Летом в начале долгих каникул по всей улице Мирамар в центре Орана летали страницы из разорванных тетрадей и растерзанных книг: так школьники отмечали последний день учебы. Тысячи дат, выведенных от руки вверху листов, тысячи уроков истории поднимались к небу, превращаясь в насмешливых чаек. Тех самых птиц из моих пляжных воспоминаний. Крылья чаек шелестели, словно тысячи тетрадей, и возвращались ко мне редкой книгой, сочиненной в ожидании близкой смерти и темноты. Книгой, защищающей от забвения подлинную историю настоящей войны в Алжире. Разумеется, ты ничего об этом не знаешь. Тебе неведомо, на сколько камней натыкаешься в жизни. С чего же начать нашу с тобой историю? С чего же? Может, с самого простого: с моего имени, Об, я тебе уже его называла.
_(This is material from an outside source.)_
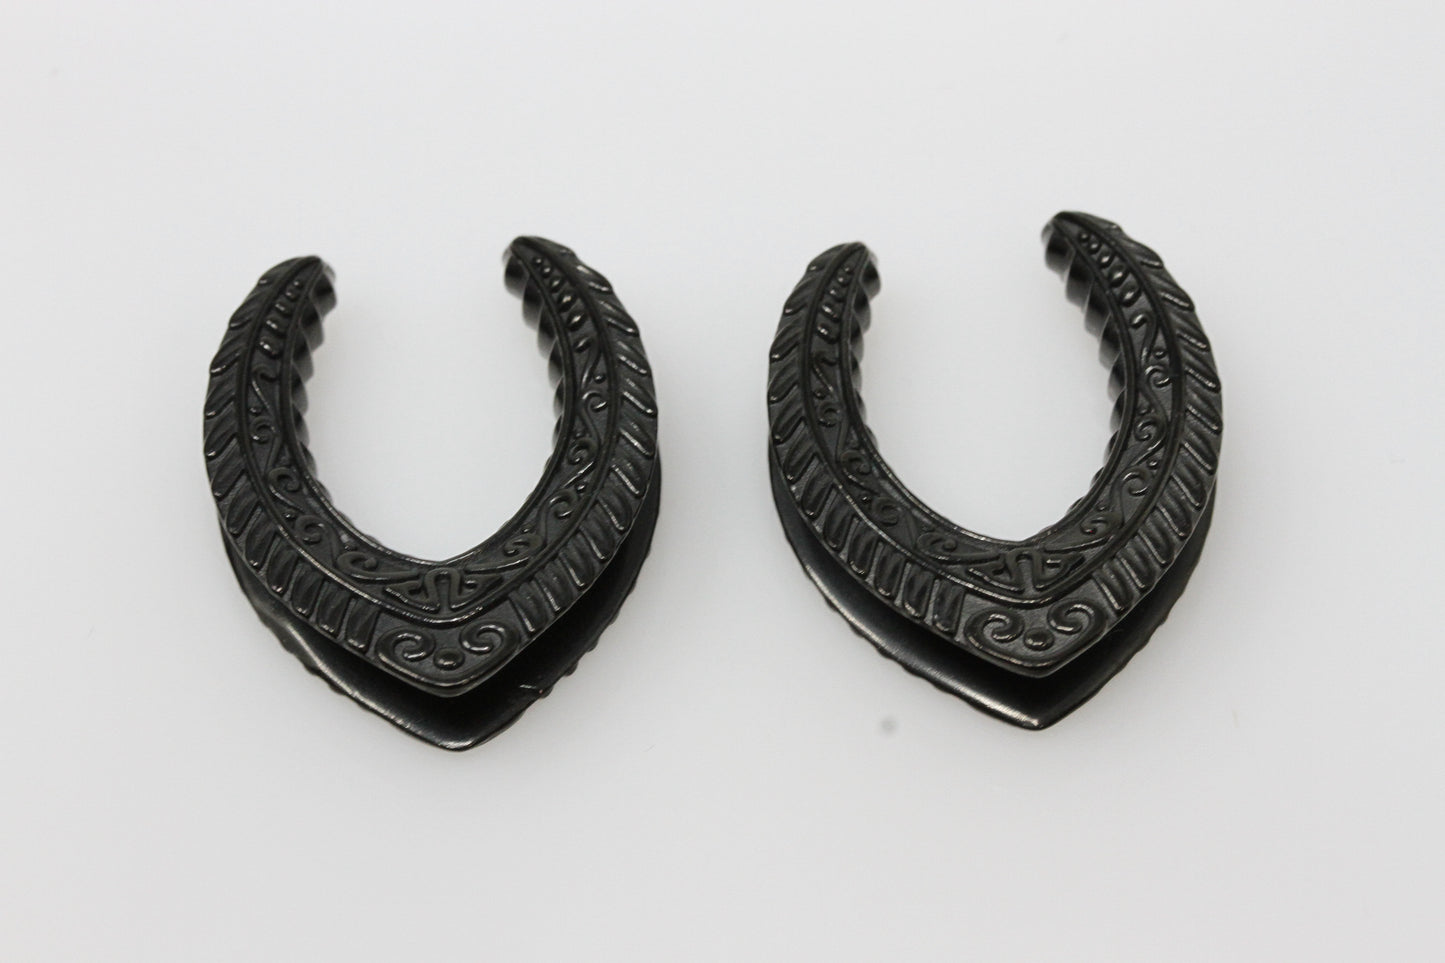 Black stainless steel stargate saddle plugs

Мама выбрала это имя 1 января 2000 года в машине скорой помощи, мчавшейся с сиреной по дороге между городком Релизаном на востоке и Ораном. Она дала мне его, пока я истекала кровью, подобно барану, принесенному в жертву; видимо, это был первый порыв, отгоняющий смерть.
Читай.
Читай мои мысли.
Прислушайся, постарайся понять. В летнюю жару по всему Орану бараны горюют по своей судьбе. Вслушайся в их долгие жалобные стоны, что раздаются повсюду. Это неведомая тебе история, свершающаяся в стране тебе безразличной. Поверь, девочка моя, я не хочу, чтобы тебя втянули в нее, чтобы ты стала женщиной, чье положение не намного лучше, чем у одной из овец. Понимаешь? Через несколько дней наступит праздник жертвоприношения, на внешнем языке — Ид аль-Адха. Давным-давно древний пророк, по имени Ибрахим, задумал перерезать горло собственному сыну во славу их Бога, который то и дело подтрунивает. В последнее мгновенье на вершине горы, когда на жертвенном камне пульсировала яремная вена и дитя закрыло глаза, чтобы спрятаться от смерти, Всевышний спустил с неба барана. Сын был спасен. Хотя бы на время, поскольку в Коране сказано, что потом его оставили в пустыне. И с той поры, мой головастик, горло режут баранам, а не людям. Хотя отнюдь не всегда! Например, в конце гражданской войны, в тот год, когда появилась моя «улыбка», зарезали гораздо больше людей, чем баранов. Как же поведать тебе о войне так, чтобы не измазать тебя, явить чудовищ, скормить одного за другим, чтобы ты их прожевала и проглотила? Вероятно, пророк Ибрахим никак не мог проснуться тогда в Алжире. Солнце уже встало, а он все спал, и мы застряли в его залитом кровью сне, где он гоняется с ножом в руках за всеми сыновьями. А вдруг ты явилась бы женщиной в то темное десятилетие? Оказалось бы еще ужаснее. Видишь ли, неожиданная малышка-незнакомка, в этой стране рискованно появляться на свет. Некоторое время ты сможешь есть досыта, но будет и так, когда съедят тебя, и то, когда тебя зарежут. Ты заплатишь за спутанный сон древнего пророка, и кто-нибудь тебя изнасилует. Кстати, небесные бараны спасают исключительно мальчиков, а не девочек. Если речь заходит не о сыне Ибрахима, а о дочке, история всегда кончается кровью. Навостри уши и послушай баранов. Слышишь? Они блеют. Тоже хотят вернуться на небо, спастись от этой войны между сном и сыном, пророком и скотиной, кошмаром и улыбающимся ножом. Все, чего они хотят, это чтобы люди остались без посредников, без жертвенных животных, чтобы они сами убивали друг друга. Такое бывало в этой стране, моя сардинка, и не раз.
Ну что, понятно?
Мама спит или делает вид, как тогда, 5 июля 1962 года, когда ее нашли в колыбельке на пороге мечети в Алжире и верующие перешагивали через нее. Завтра она уезжает в далекую страну Бельгию уговаривать врача помочь мне, и мы с тобой останемся одни, вот тогда и сможем договориться по-хорошему. Я верну Всевышнему его барашка, убью тебя, вычеркну из жизни, отправлю в рай, где щебечут гурии, и ты избежишь беды. Кошмар останется со мной, а тебе я дам древний свет несостоявшейся жизни, уберегу от рук и ножей. На какое-то время, хотя бы на несколько дней, я твоя мать и желаю тебе только блага, а благо — это умереть.